# AIM OF THE TASK:
Please output the line containing "Découvrez la recette" and all lines that follow it in the data below, exactly, with no pictures.

# STORED DATA:
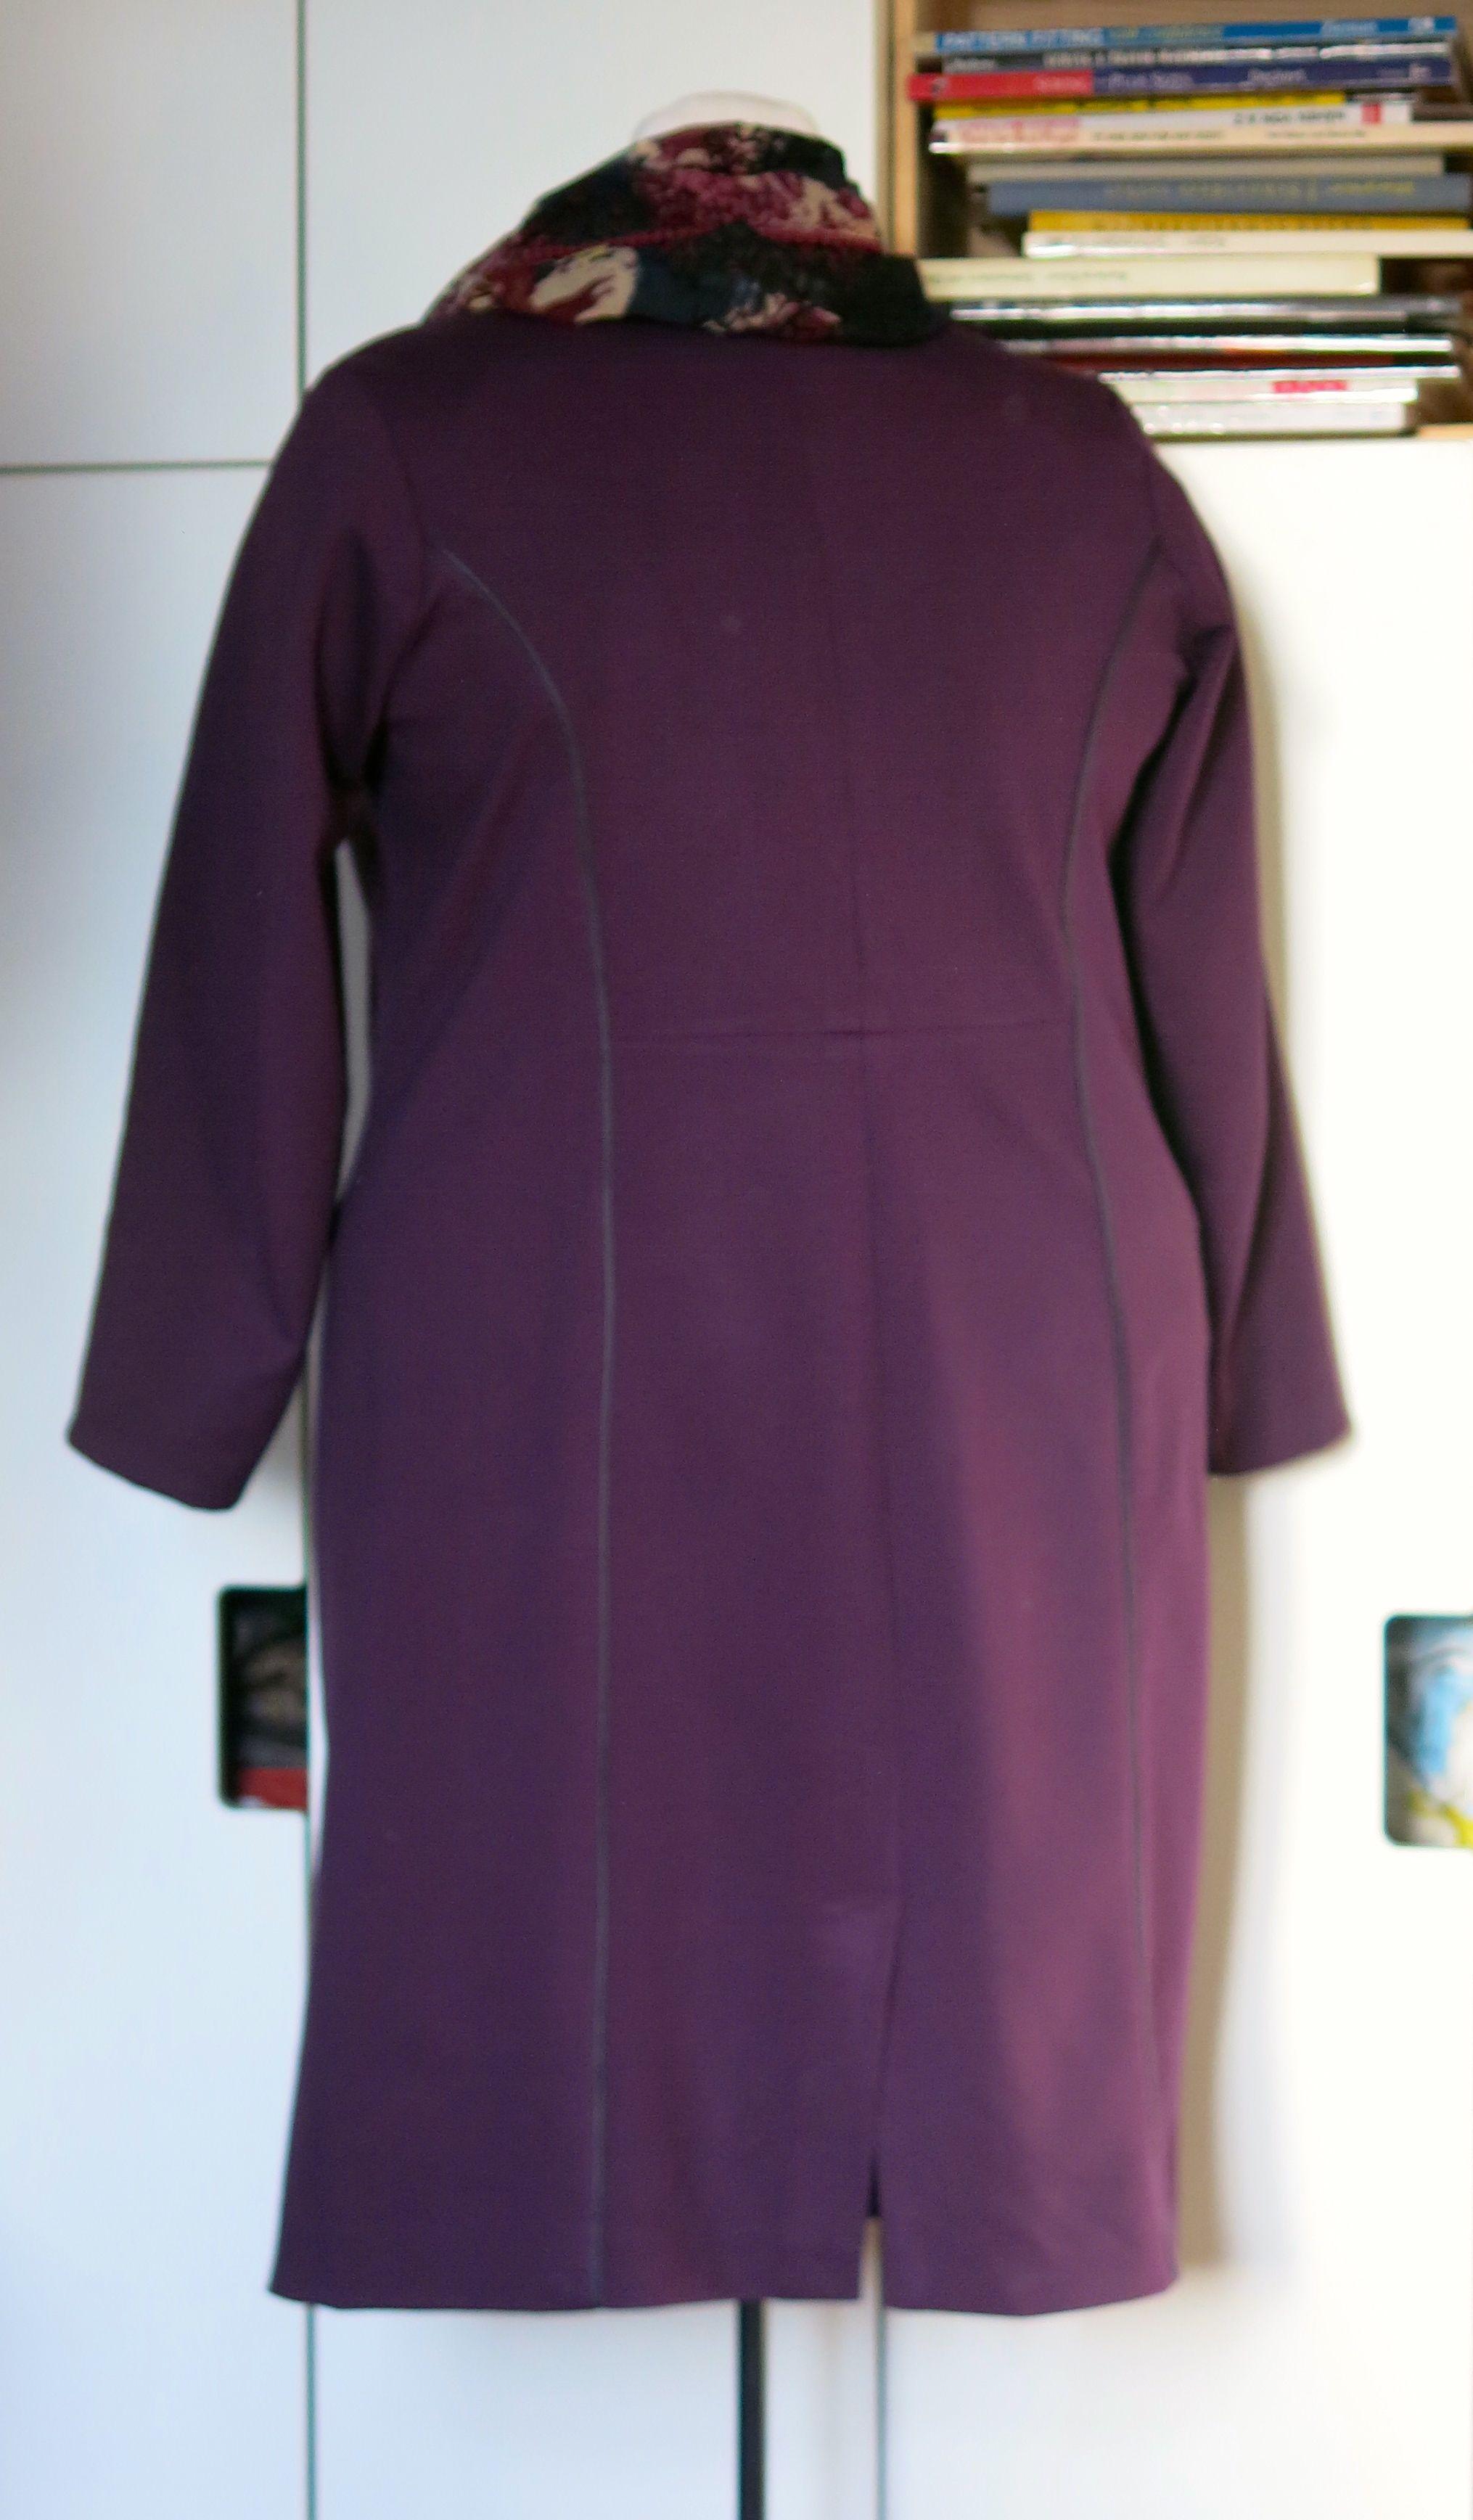 Lila Kleid adp hinten
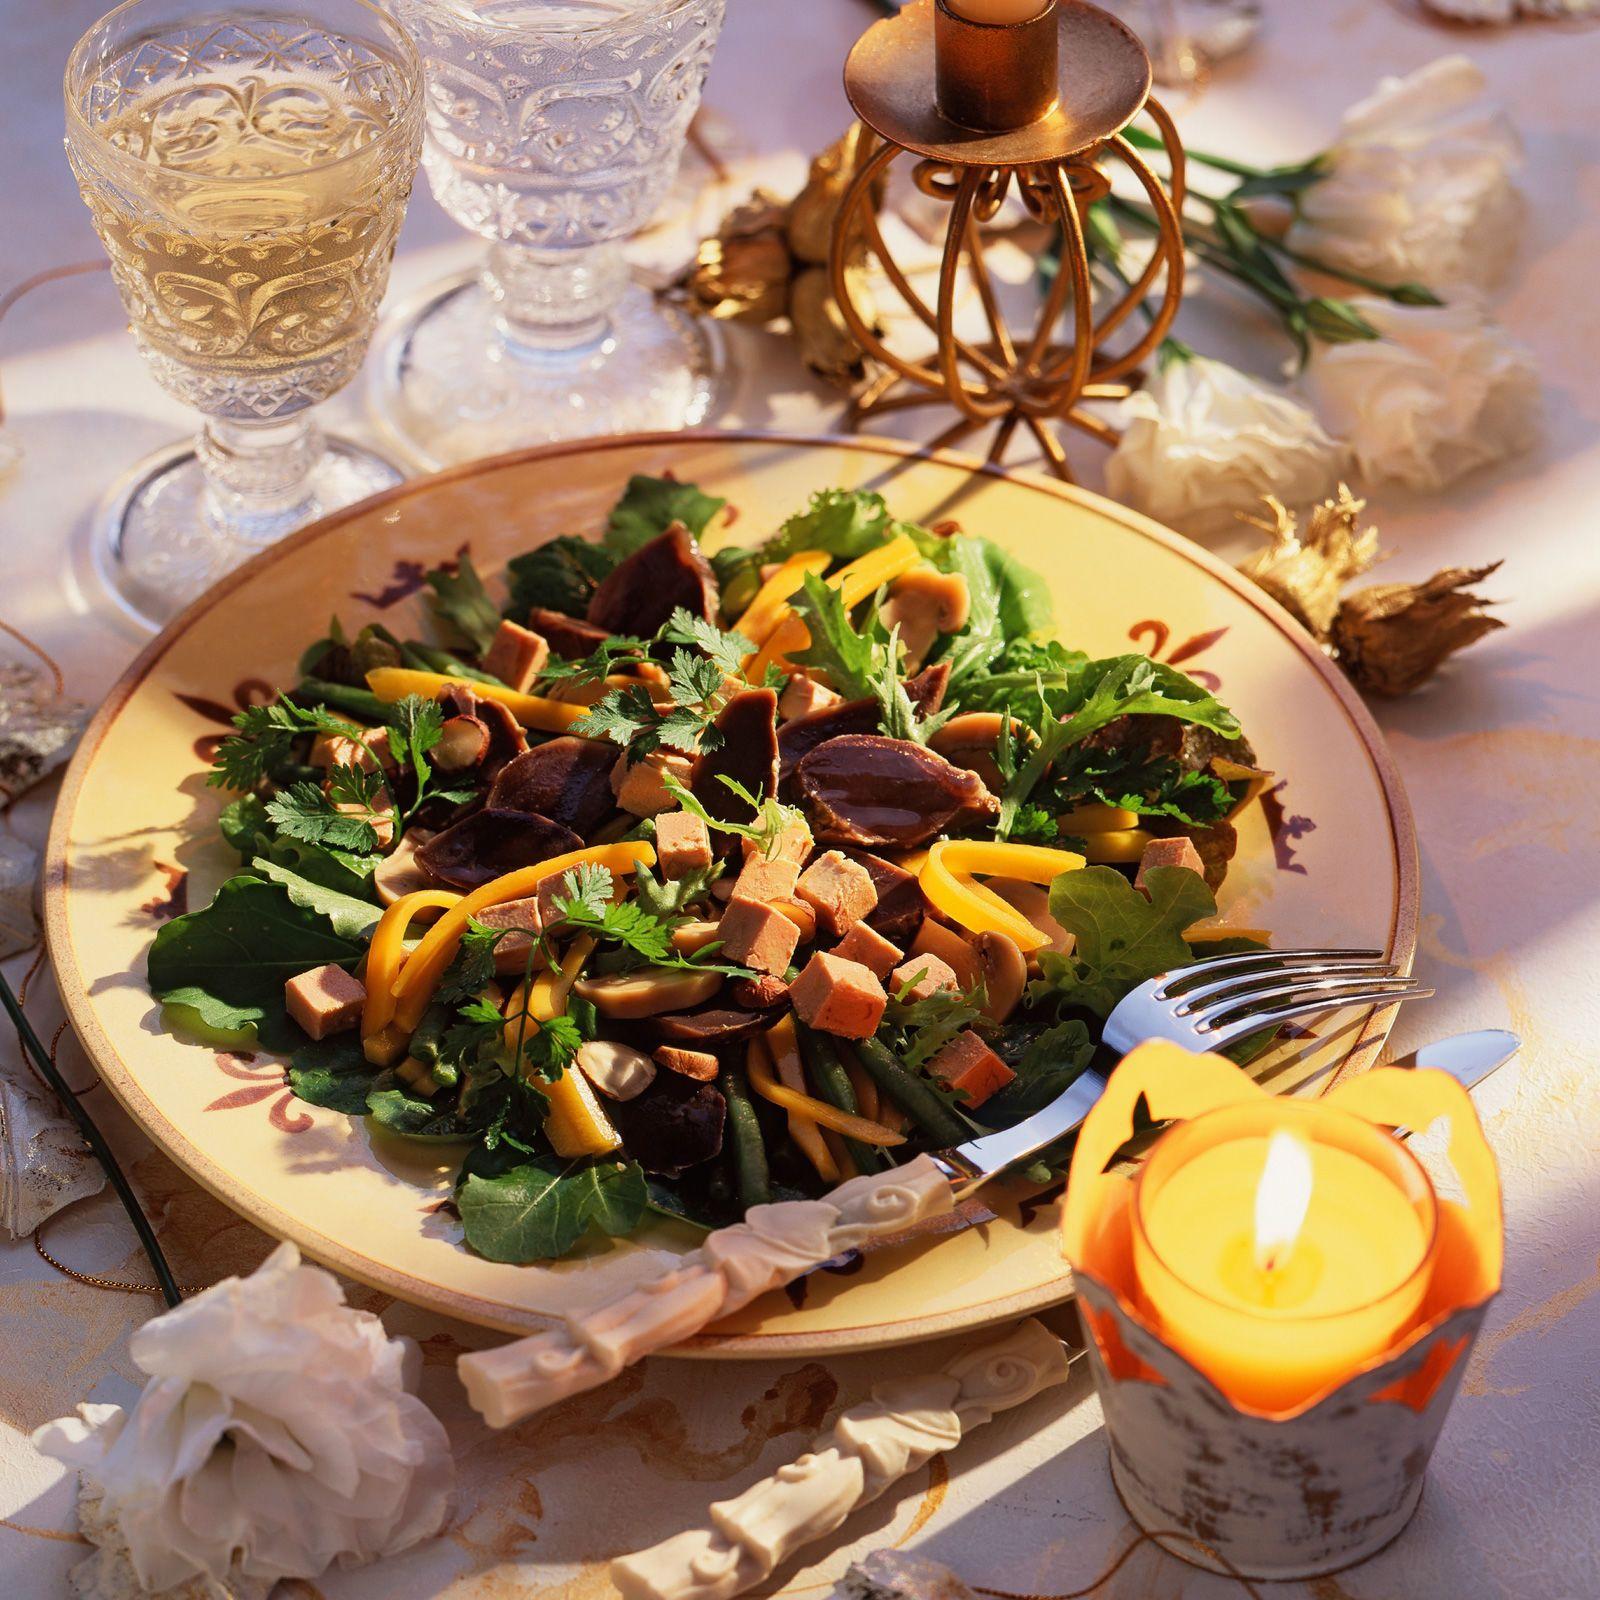 Découvrez la recette de la salade de foie gras à la mangue
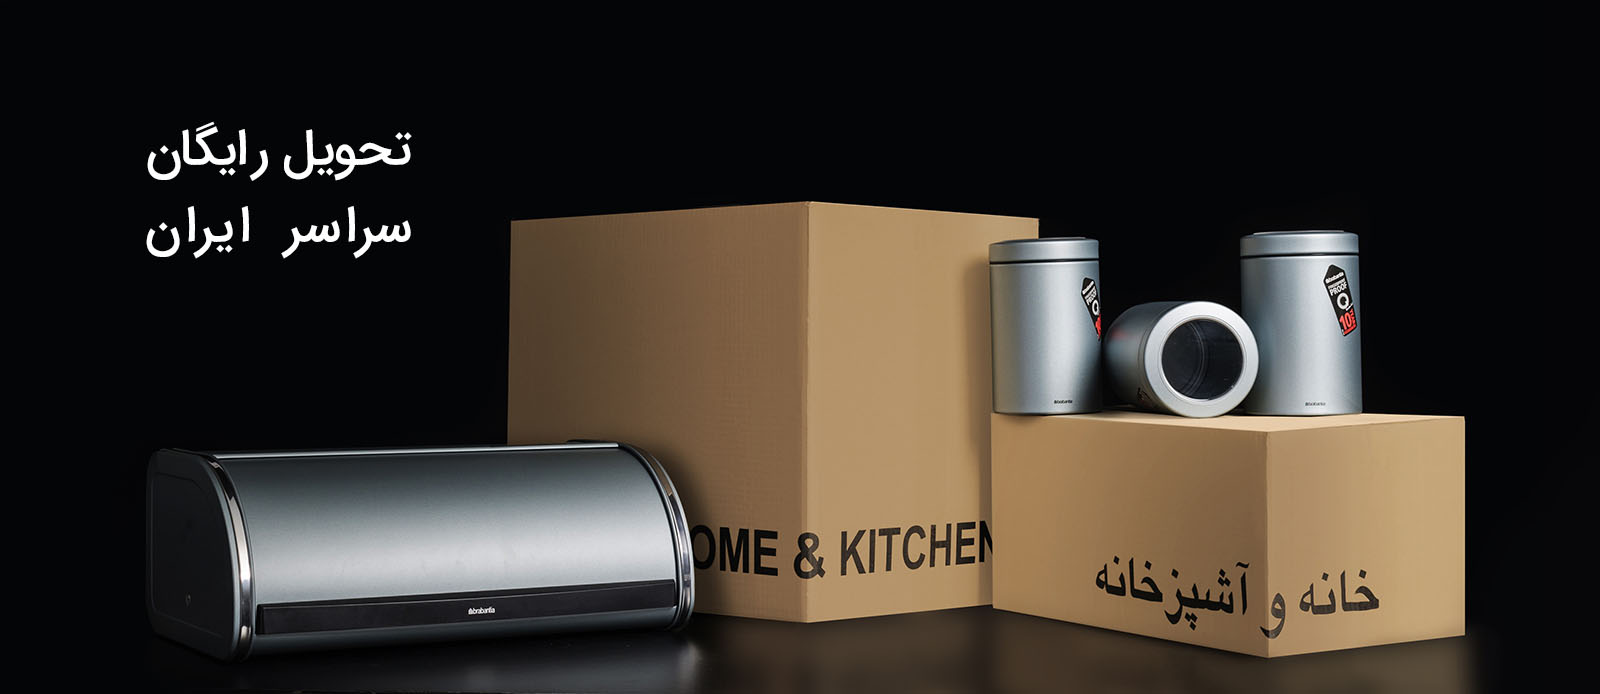 خانه و آشپزخانه
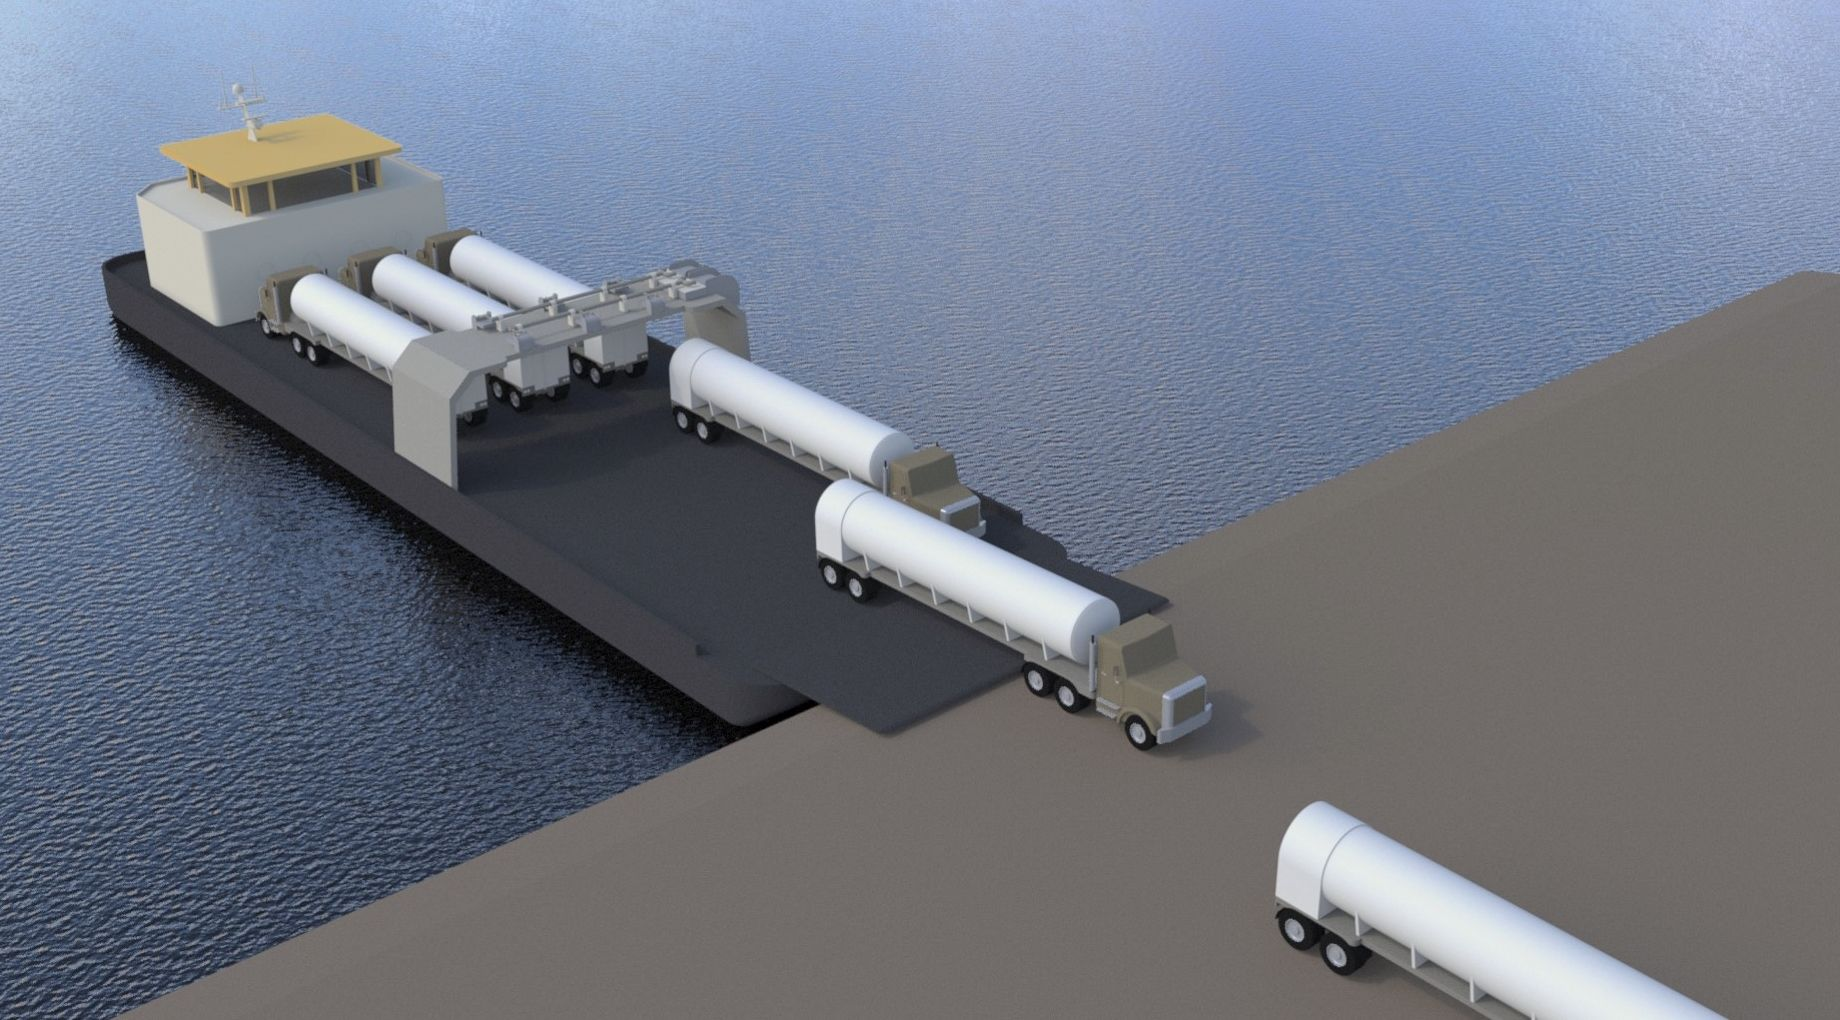 Simulación del sistema, con la barcaza atracada y los camiones cisterna cargados con GNL llegando a puerto

# EXERCISE OUTPUT:
 Découvrez la recette de la salade de foie gras à la mangue
 خانه و آشپزخانه
 Simulación del sistema, con la barcaza atracada y los camiones cisterna cargados con GNL llegando a puerto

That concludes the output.